Supplied material.
▼
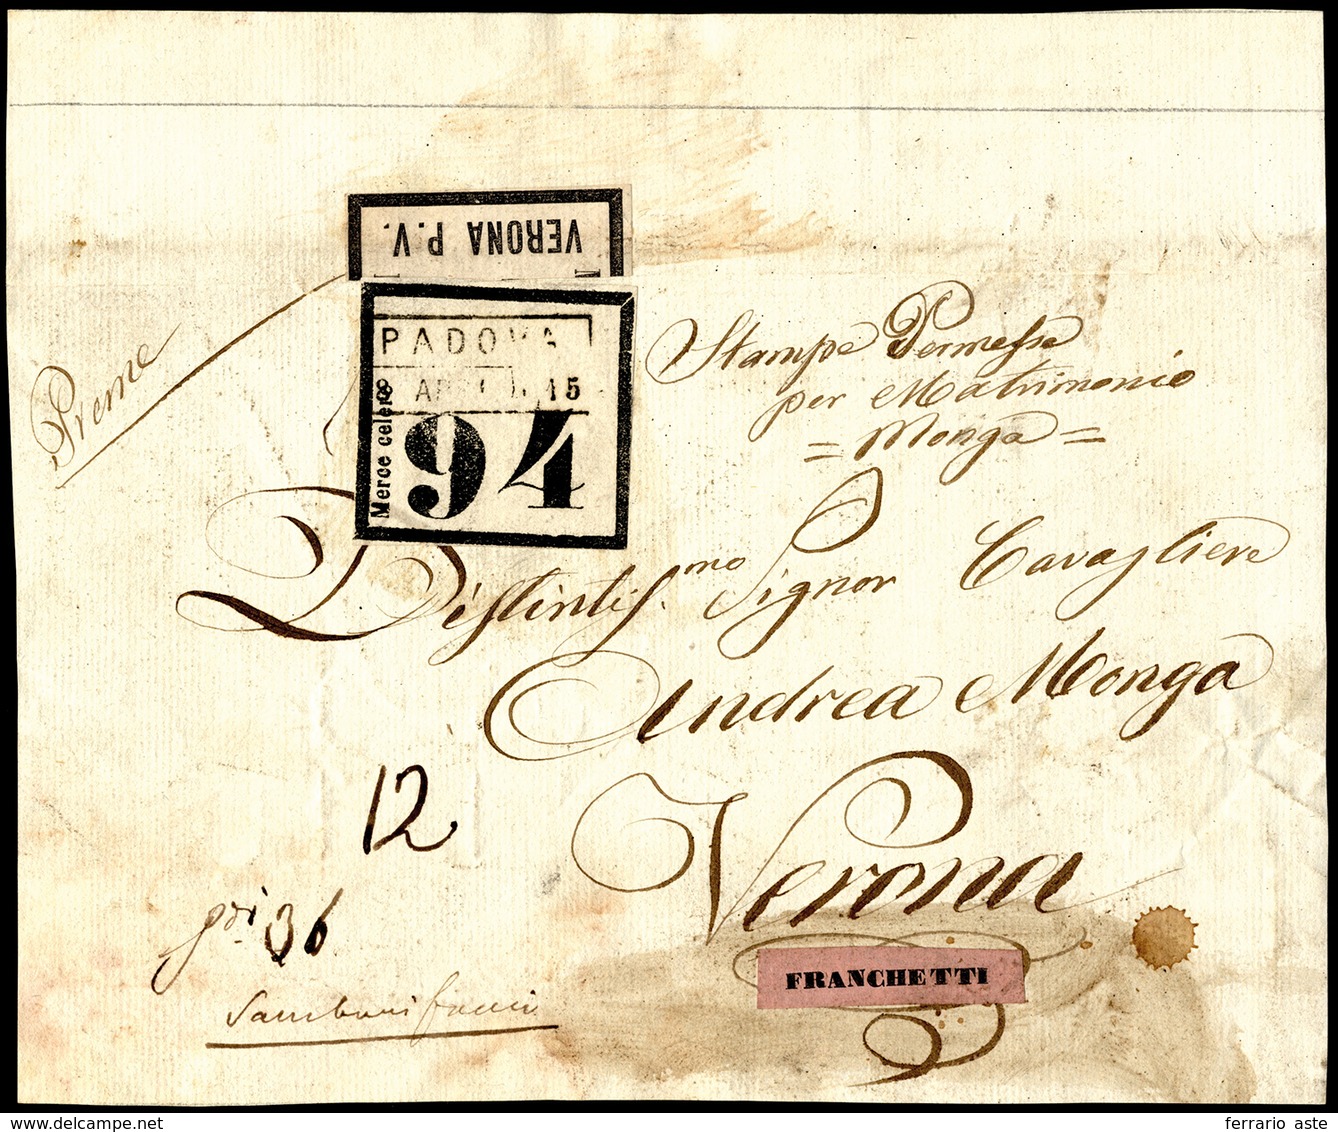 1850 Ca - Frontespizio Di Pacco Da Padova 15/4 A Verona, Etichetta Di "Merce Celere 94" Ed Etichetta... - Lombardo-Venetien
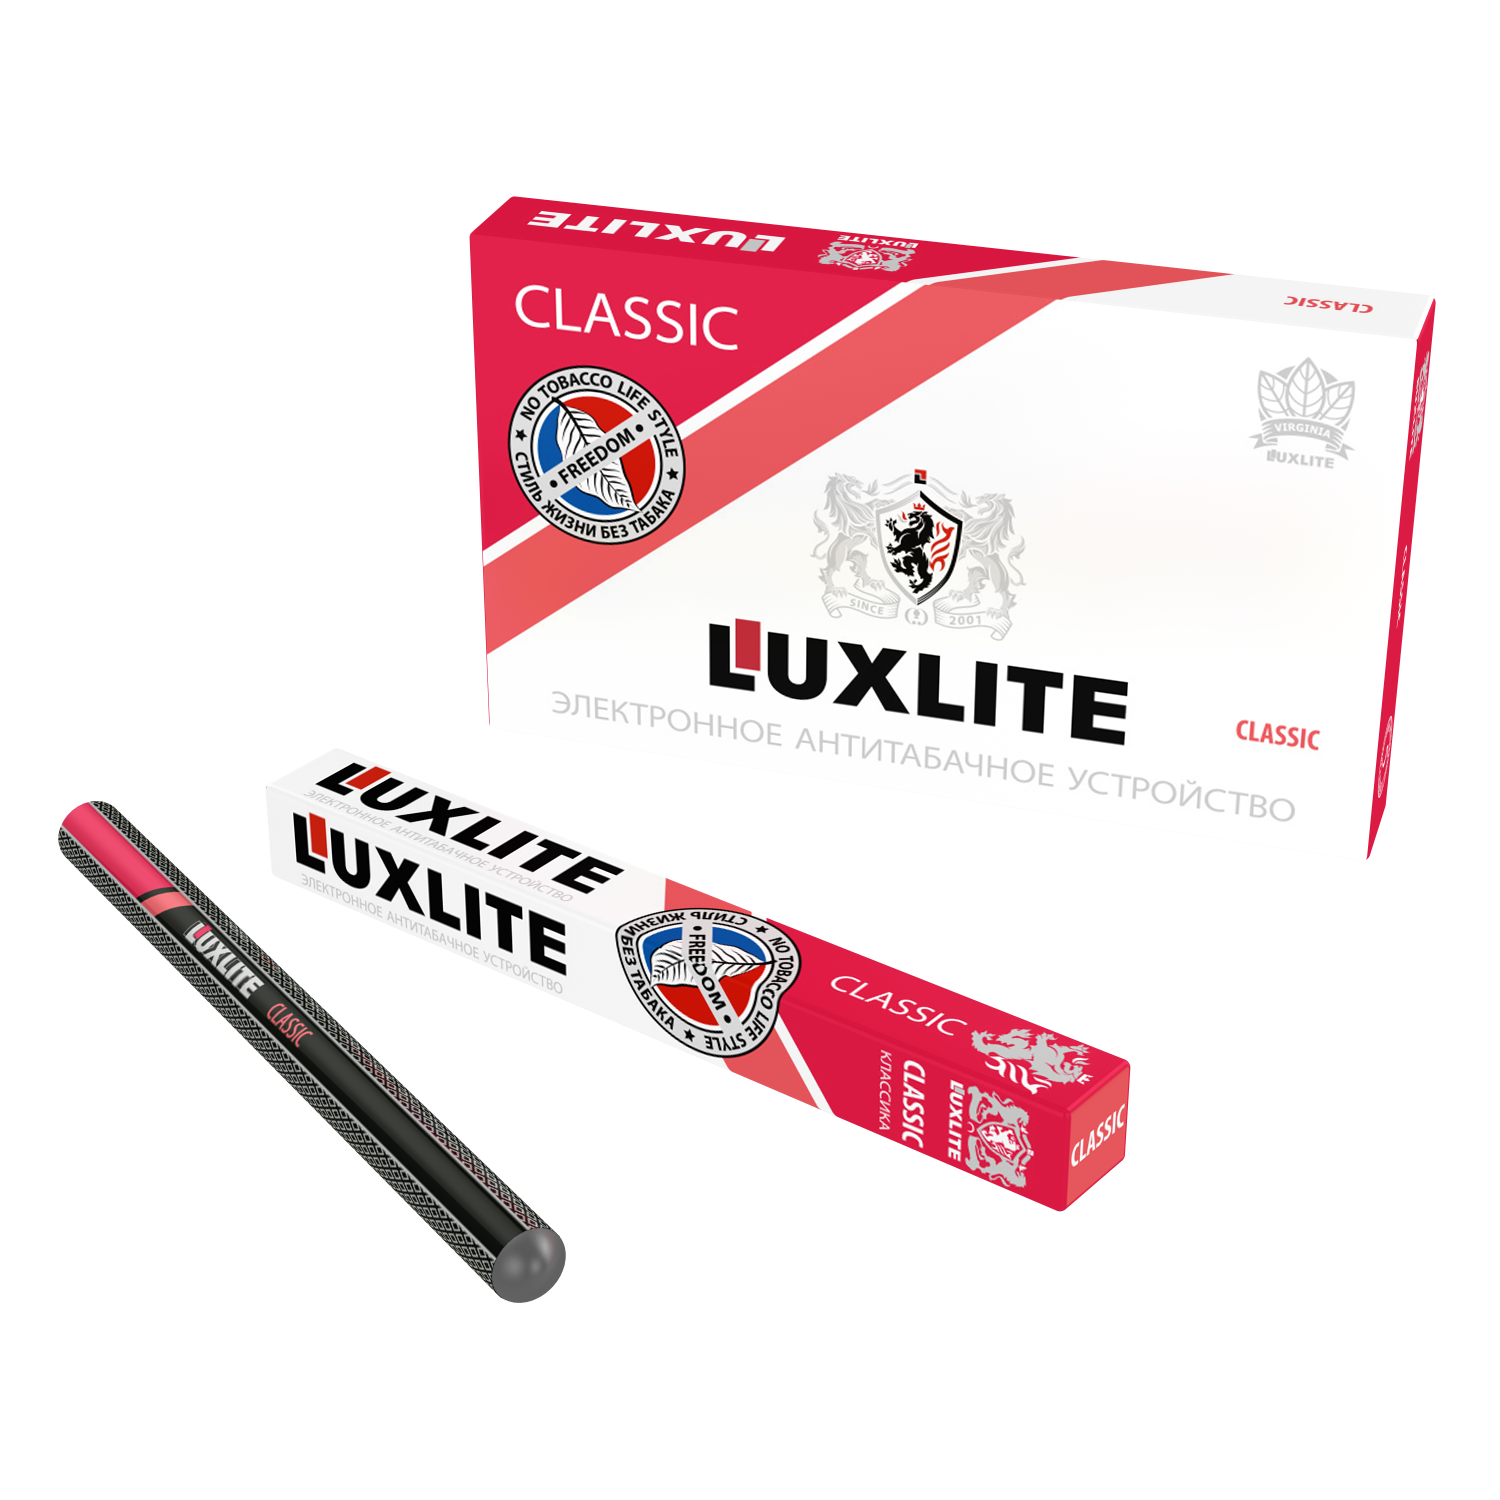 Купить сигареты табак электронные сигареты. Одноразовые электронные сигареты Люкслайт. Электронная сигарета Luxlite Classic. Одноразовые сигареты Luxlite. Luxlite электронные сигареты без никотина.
▲
▼
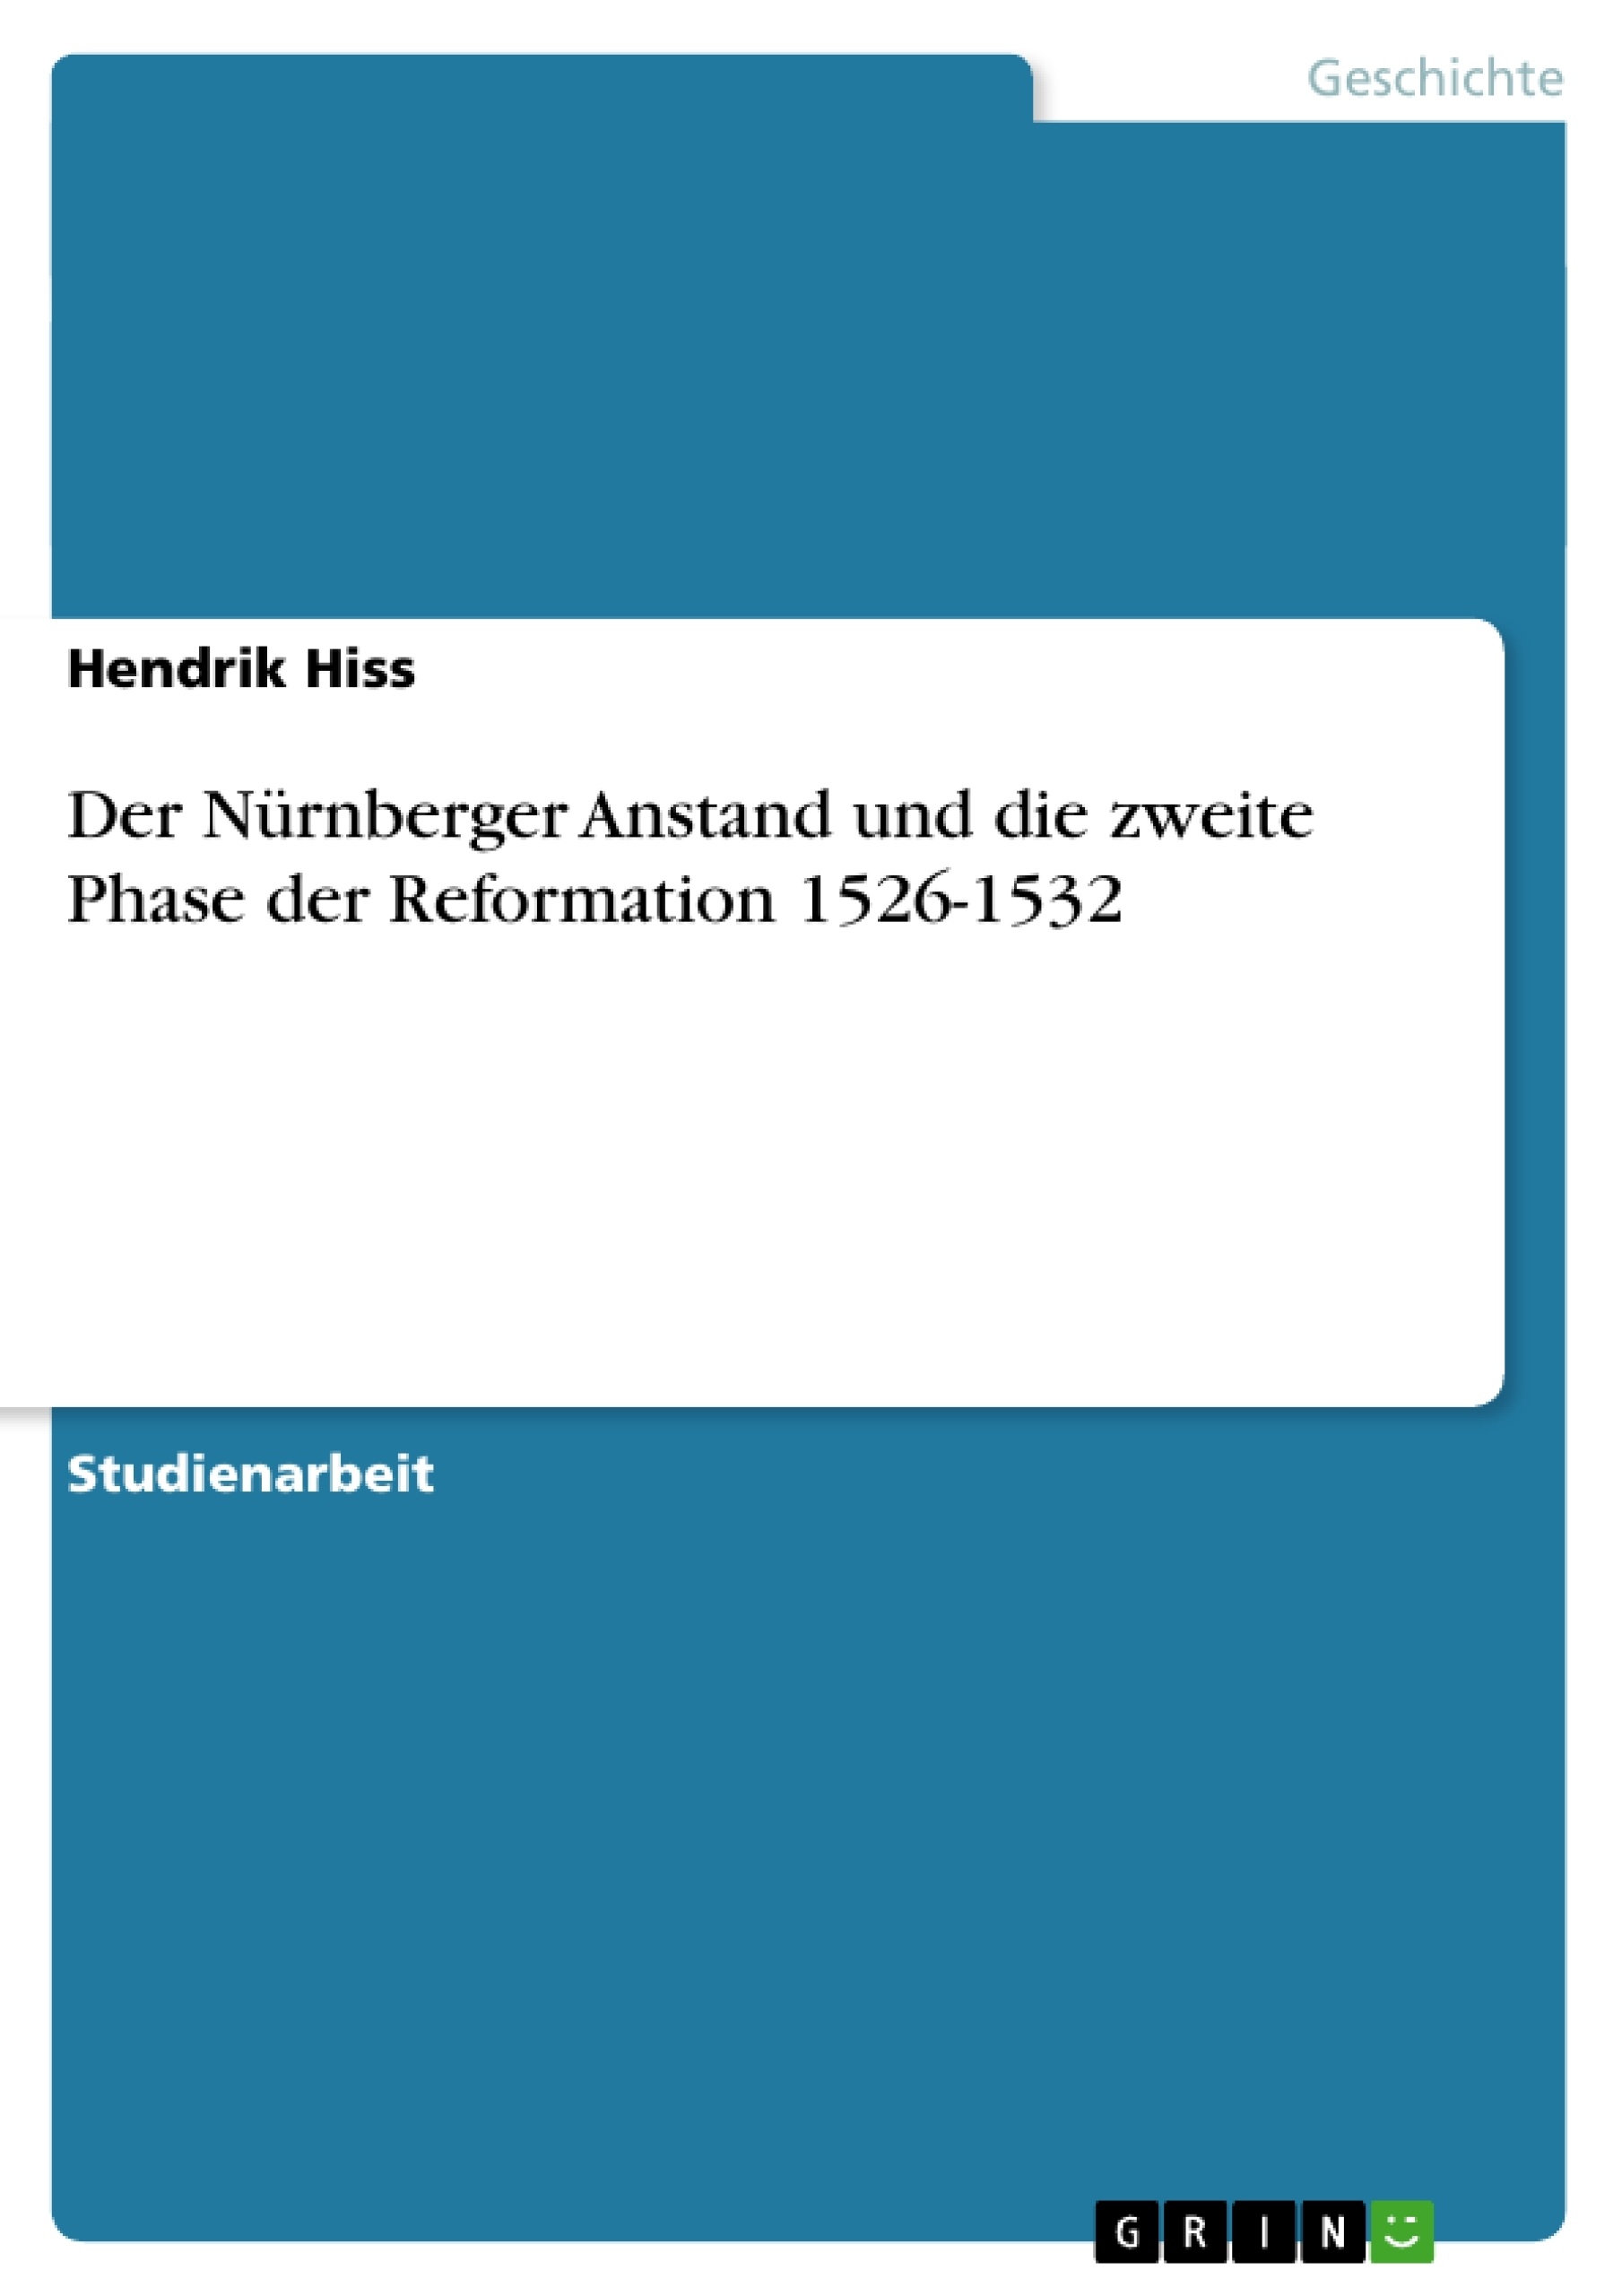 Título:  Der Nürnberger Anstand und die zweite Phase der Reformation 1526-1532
▲
▼
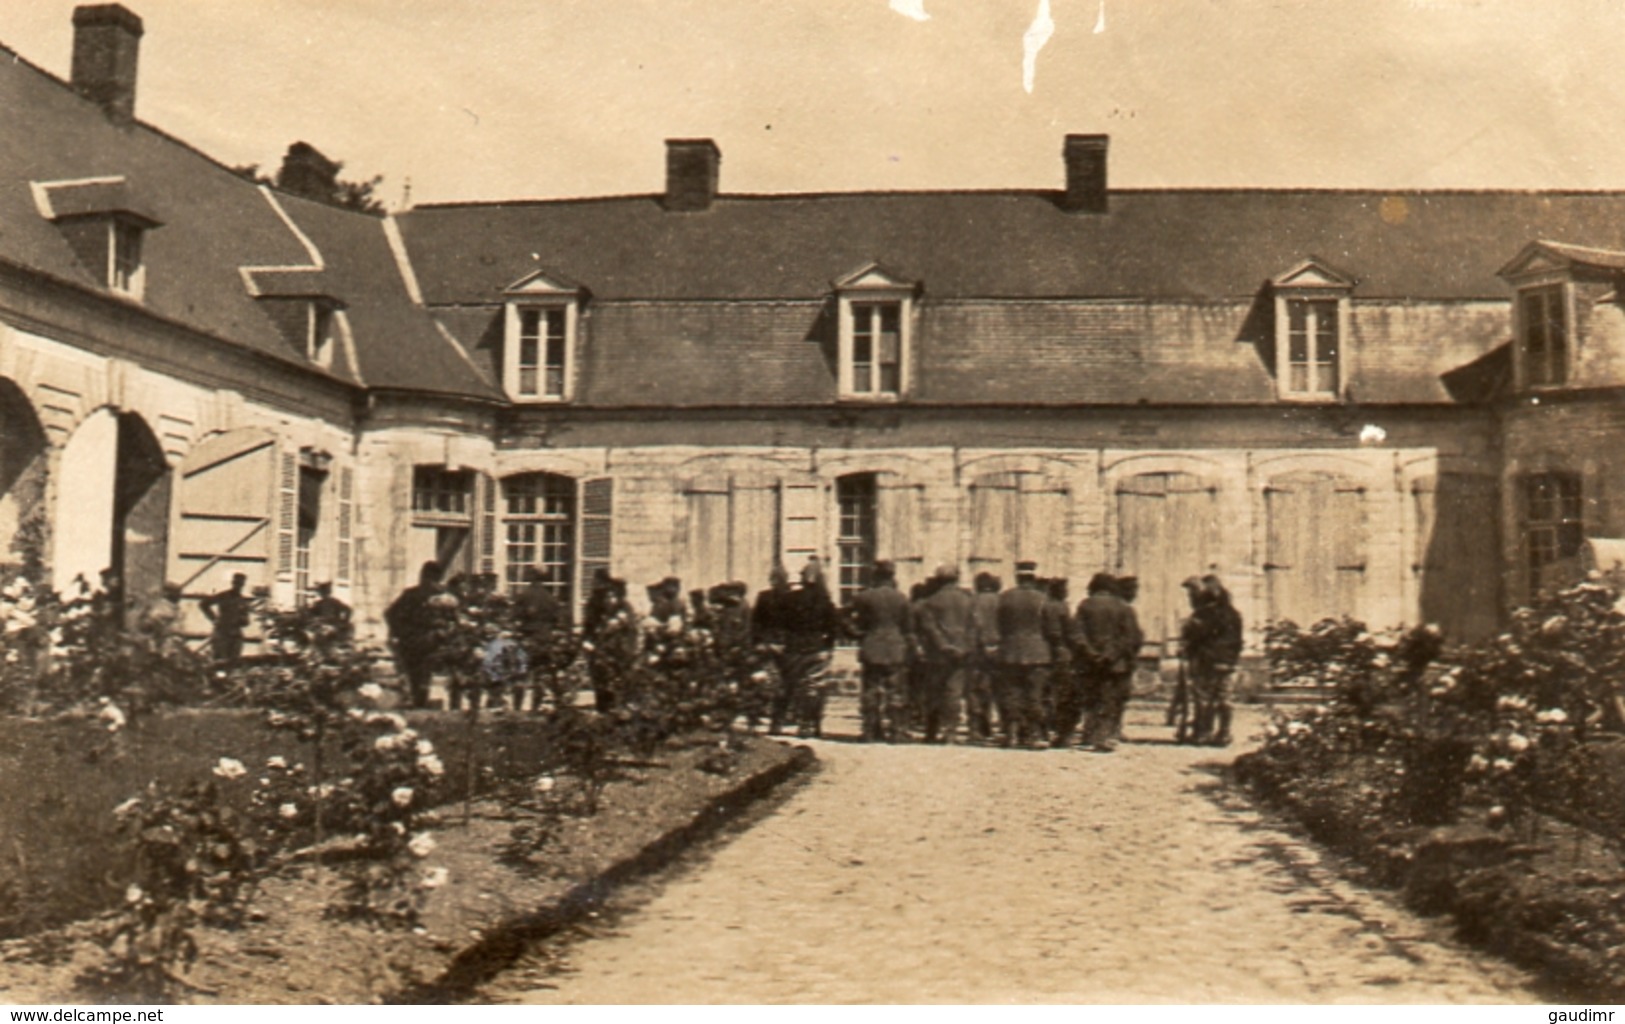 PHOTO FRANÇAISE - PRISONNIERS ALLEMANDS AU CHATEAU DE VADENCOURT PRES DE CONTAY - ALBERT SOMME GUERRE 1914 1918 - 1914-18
▲
Exercise. From the records above, output only the lines starting at the one containing "1850 Ca - Frontespizio" and ending at the one containing "Купить сигареты табак", word for word. Pictures stay out.

Reply.
 1850 Ca - Frontespizio Di Pacco Da Padova 15/4 A Verona, Etichetta Di "Merce Celere 94" Ed Etichetta... - Lombardo-Venetien
 Купить сигареты табак электронные сигареты. Одноразовые электронные сигареты Люкслайт. Электронная сигарета Luxlite Classic. Одноразовые сигареты Luxlite. Luxlite электронные сигареты без никотина.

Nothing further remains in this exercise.